Democracy, once emptied of its social objectives, allows for a temporally delimited oscillation between expectation and frustration. The choice between parties, however apparent its impact on people's real lives, always takes on the great drama of election nights, which gives it a renewed reality.
On the other hand, the revolution in information and communication technologies created conditions for an unprecedented ideological control of subjectivities, which right-wing and extreme right-wing forces, almost always associated with fundamentalist evangelical religions (especially Pentecostals), were able to exploit a lot. more intensely than the progressive forces. Fear and hope, frustration and expectation have become psychic commodities incessantly produced by the profane and religious industries of subjectivity. The attempt to destroy memory aims to transform fear and hope into positions in video games.
The fight for the cure
This table shows the scale of the tasks needed to reverse the conservative movement of cycles and, above all, to convert cycles into spirals in which free, fair and dignified life practices are consolidated for increasingly large population groups.

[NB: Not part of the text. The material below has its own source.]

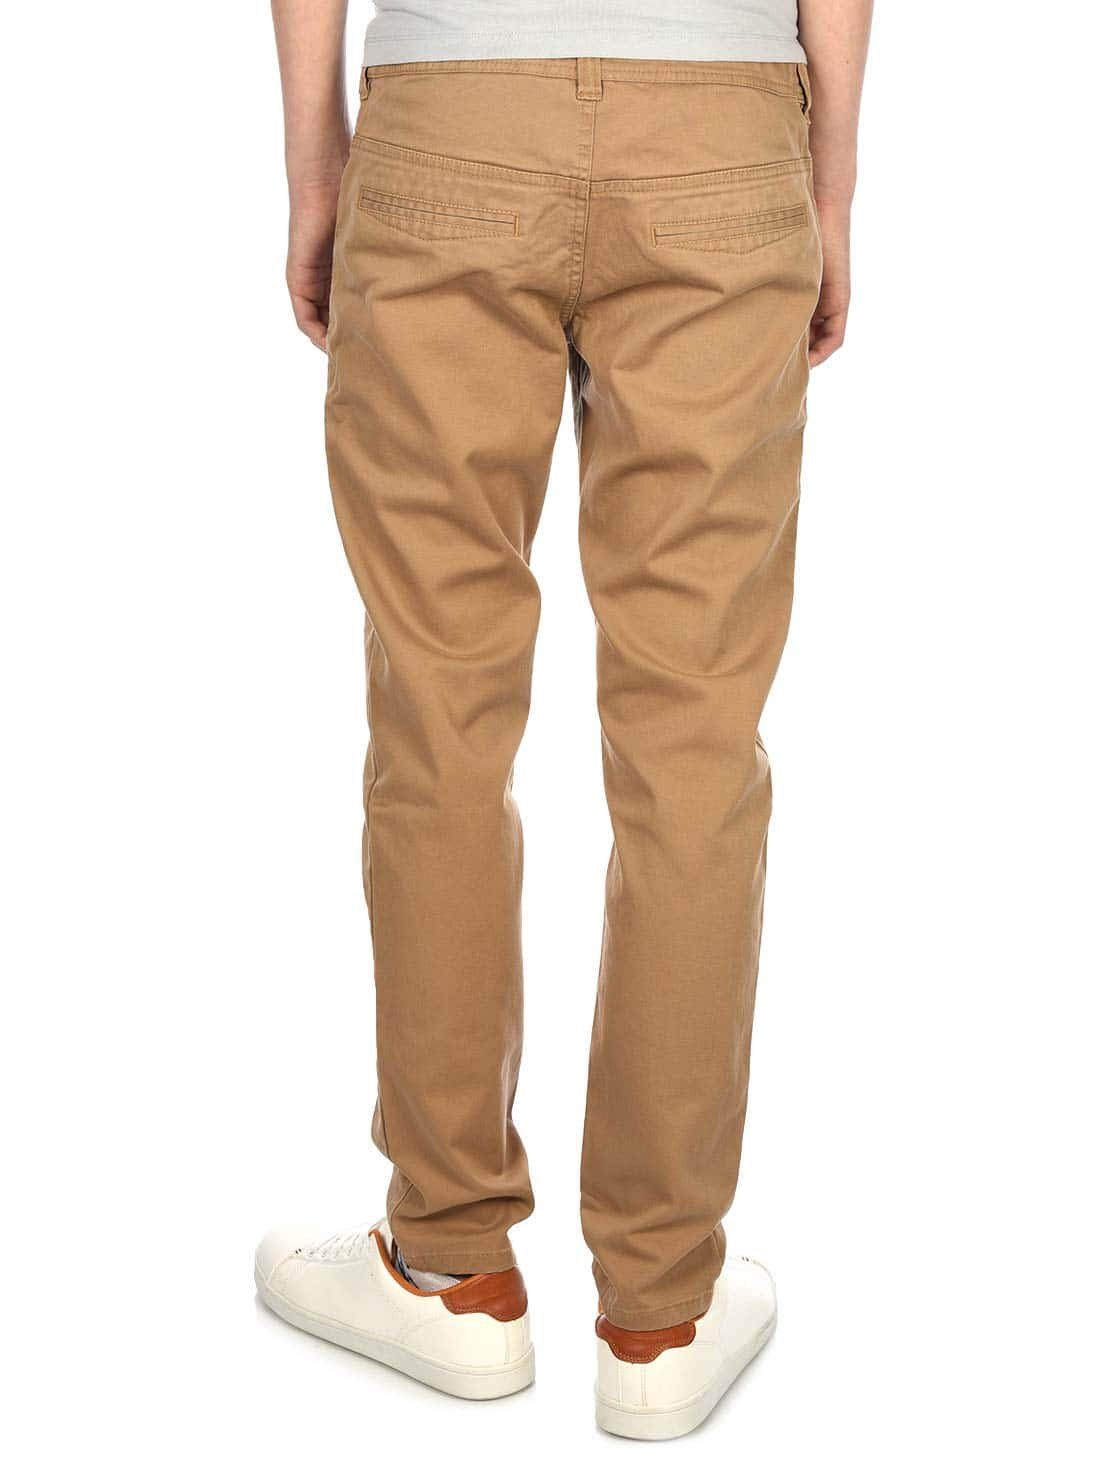 casual Beige Chinohose (1-tlg) BEZLIT Chino Hose Jungen

As abstract as it may seem, at the center of the tasks is the fight for epistemic justice so that the populations most harassed by capitalist, racist and sexist domination can represent the world as their own and thus fight for the transformations that best defend them from businessmen from the manipulation of the fear and hope.
*Boaventura de Sousa Santos is full professor at the Faculty of Economics at the University of Coimbra. Author, among other books, of The end of the cognitive empire (authentic).